Sales intelligence is similar to that of lead intelligence with one major distinction - it is customer data among folks that have indirectly expressed interest in your product rather than directly. Let me explain it this way: lead intelligence looks at visitors on your website, so they’ve directly shown that they are interested in what you are selling. Sales intelligence looks at external buying signals to indicate how interested and ready they might be in your industry, product, or service. It’s sourced from content they’ve consumed online, ads shown to them, events they’ve participated in, and many other online resources. It’s sometimes called “intent” data.

Beyond intent data, sales intelligence also features rich, accurate contact information for folks that you might want to reach out to based on your ideal customer profile. They feature HUGE databases of business information and contact details. This could include location, title, company size, industry, tenure, and more. Two of the larger sales intelligence platforms are ZoomInfo and Cognism.

What to do with it

Like lead intelligence, you have the same outreach option when looking at your sales intelligence data. Perhaps you might want to connect on LinkedIn to get a conversation going? Maybe a soft email featuring a personalized Vidyard video will spur a response? Maybe a friendly - but direct - phone call is deserved? Sales intelligence can help give you a peek at potential buyers and tee you up for a timely touch.

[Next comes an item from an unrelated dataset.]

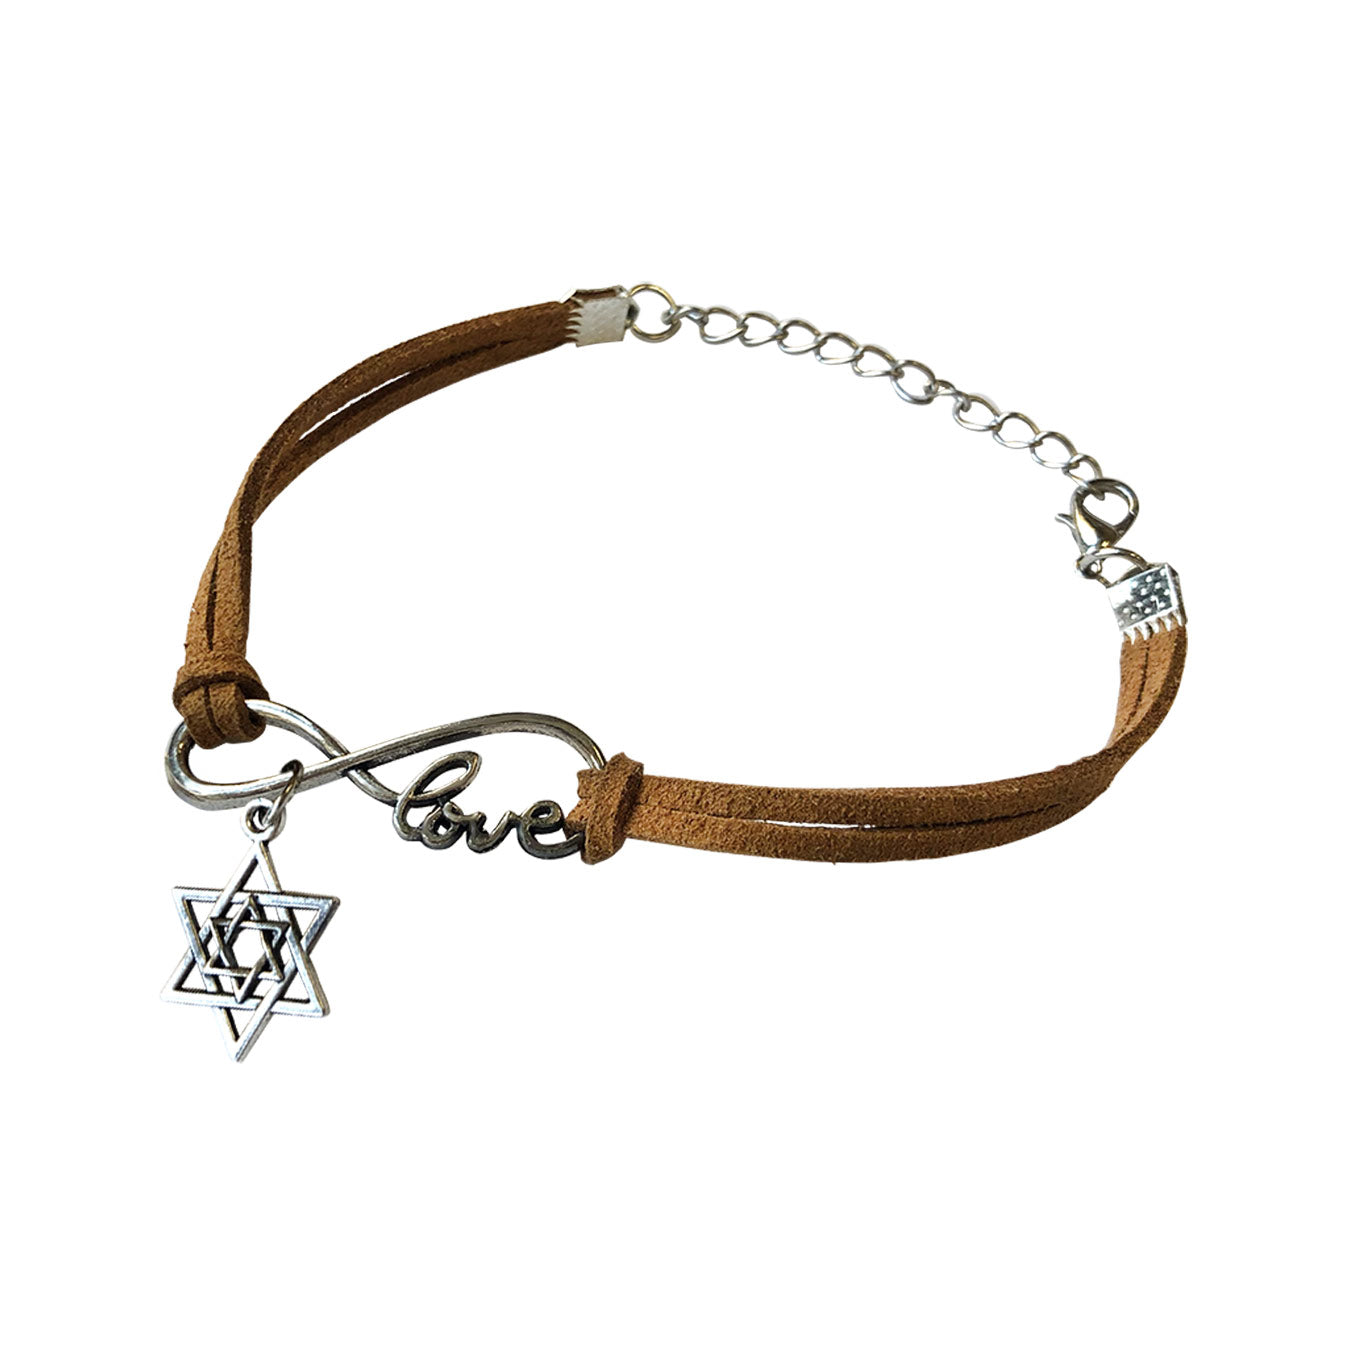 Love Israel for Infinity Bracelet

Many tools also have data enrichment capabilities. This means that, if connected to your CRM, they can reference their billions of bits of contact info, and keep your CRM’s database complete, full, and always up-to-date. Finally, sales triggers help warn you of potential needs that these buyers may have. By referencing important online news - like an acquisition, a round of new hires, or a new product launch - you can help better time your outreach. CRM data, lead intelligence, and sales intelligence lists can also be uploaded as custom audience lists into advertising platforms for improved remarketing efforts too.

Summary

If your distributorship isn’t leveraging customer data yet, it’s time to get moving!

The massive explosion of data software and its ability to source, store and act upon customer data has opened up a new world of opportunity for savvy sales and marketing folks.

To avoid getting overwhelmed (or misusing the data), it’s important to always start with a plan. Outline what you’d like to accomplish with the data, identify where you’ll need to go to get it, and how you’ll ultimately use it.

Make sure sales and marketing teams are aligned, so they use the data to support each other and the company. If used right, data can help you find and talk to more potential buyers and help close more deals.

Lastly, always make sure to respect CAN-SPAM, CCPA, GDPR, and any other laws that apply to your data and your business.

That’s all for now. Happy Data Diving!